_RECORDS FOR THE EXERCISE_
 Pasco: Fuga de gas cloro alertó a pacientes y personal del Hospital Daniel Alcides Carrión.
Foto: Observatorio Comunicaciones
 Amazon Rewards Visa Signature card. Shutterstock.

--

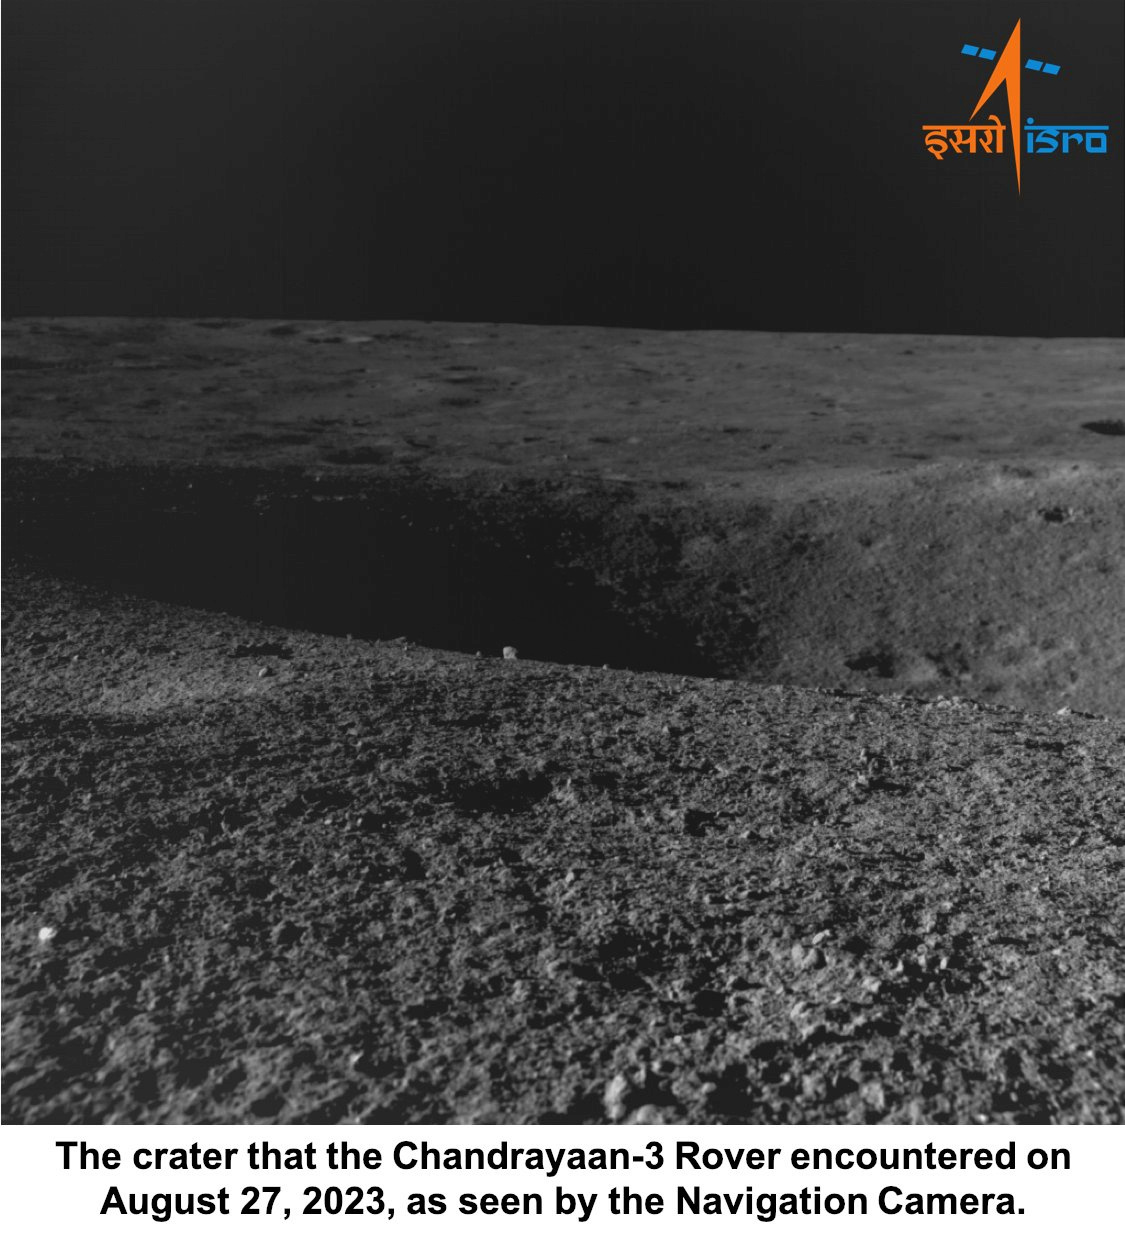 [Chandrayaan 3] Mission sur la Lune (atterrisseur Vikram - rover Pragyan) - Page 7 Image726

_ABOUT THIS EXERCISE_
Your answer must consist solely of the lines above between the line holding "Pasco: Fuga de" and the line holding "Amazon Rewards Visa", inclusive, copied exactly.

_EXPECTED OUTPUT_
 Pasco: Fuga de gas cloro alertó a pacientes y personal del Hospital Daniel Alcides Carrión.
Foto: Observatorio Comunicaciones
 Amazon Rewards Visa Signature card. Shutterstock.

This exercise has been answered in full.